DATA2901: Big Data and Data Diversity (Advanced)

University of Sydney• 2025 S1

Completed

Python

SQL

Hadoop

Linux

Jupyter

Big Data

Applied Linux, SQL, Python, and Hadoop for large-scale data pipelines, integrating machine learning and database design into real-world workflows.

Learning Outcomes

Data Automation: Automated tasks on structured, semi-structured and unstructured data (text, images, geo, time series).
Ingestion & Integration: Combined heterogeneous datasets and produced meaningful summaries under real-world constraints.
Declarative Querying: Wrote efficient SQL for extraction and manipulation.
Big Data Fundamentals: Applied the 4Vs; used indexing, compression, partitioning, and distributed frameworks like Hadoop.
Ethics & Privacy: Considered privacy and ethical implications when handling sensitive/large-scale data.

Takeaways

This was my first advanced-level data science course, and the expectations were clearly higher than in introductory units. I learned how to work with Linux systems for handling data, deepened my knowledge of big data concepts, and used Jupyter notebooks to connect with PostgreSQL databases. A key part of the course was designing better table structures and fields to support efficient querying and retrieval—skills that are directly relevant to a data scientist’s work.
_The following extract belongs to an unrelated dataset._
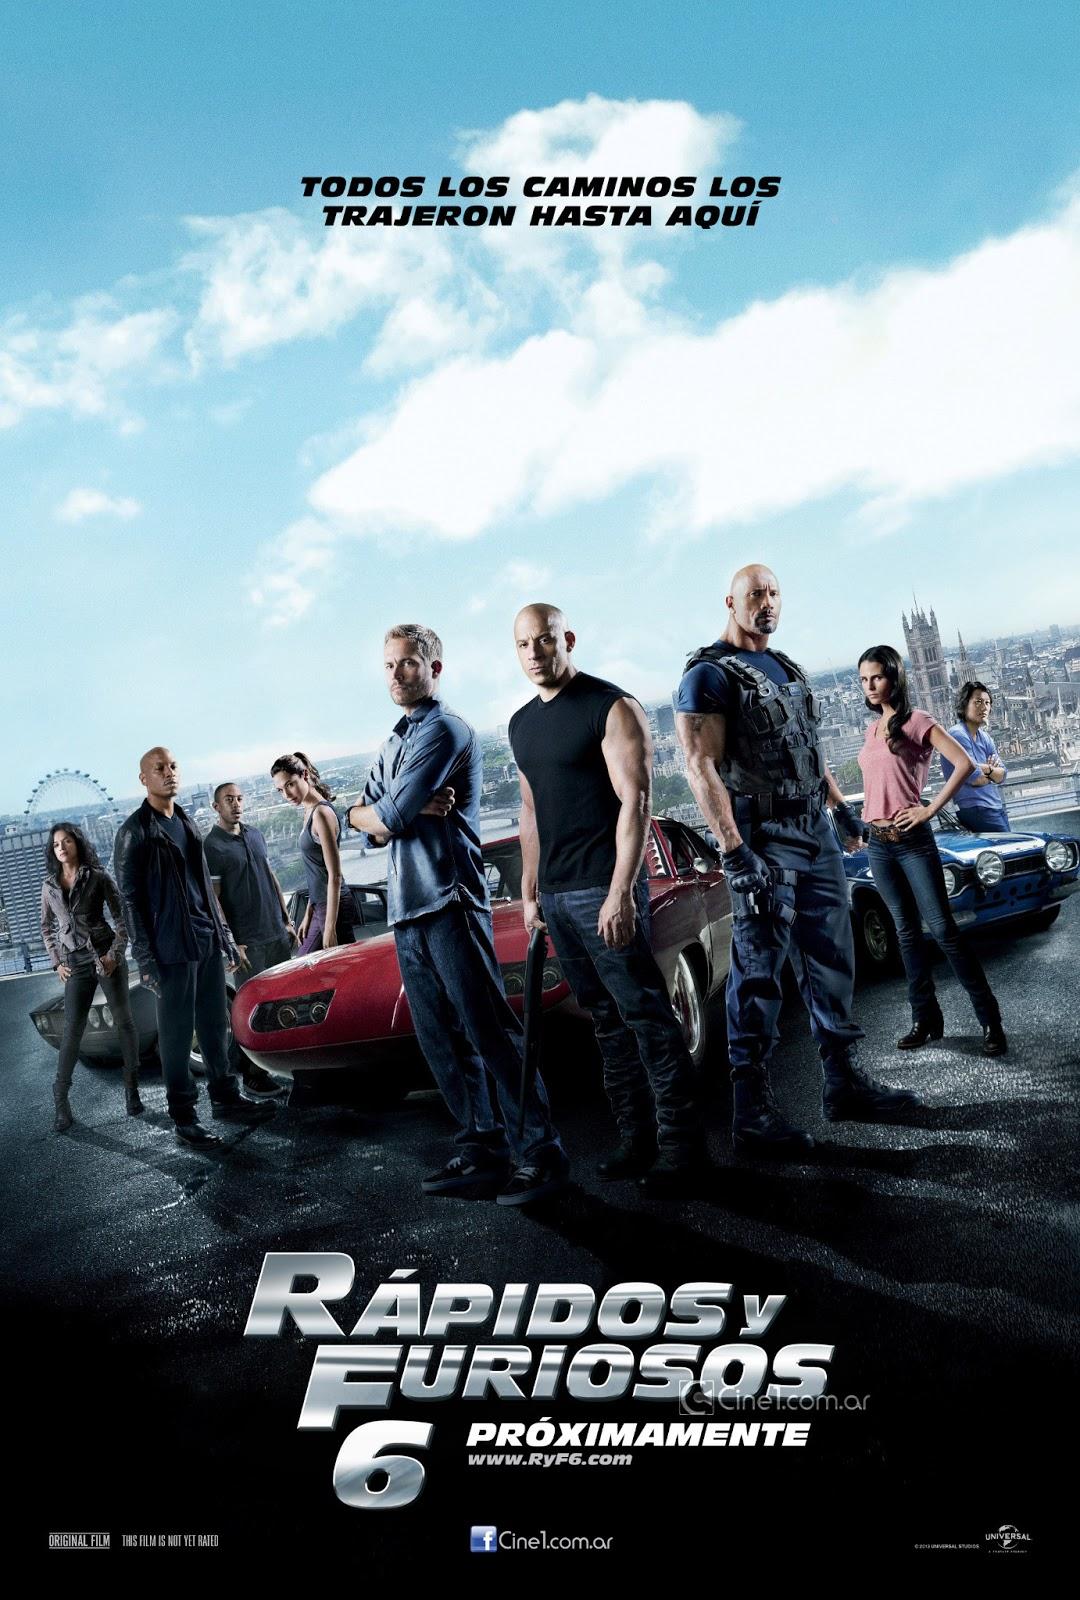 Category: Fast and Furious 6 , Rápidos y Furiosos 6

In the group project, we also had to integrate machine learning techniques to support our analysis, which required both technical adaptability and teamwork. At the same time, the SQL tests and final exam were particularly challenging for me, but I see those difficulties as valuable growth opportunities. Beyond the technical skills, I also realized how important it is to manage group dynamics effectively when tackling complex projects. Overall, the challenges were significant, but the learning outcomes and confidence I gained were even greater.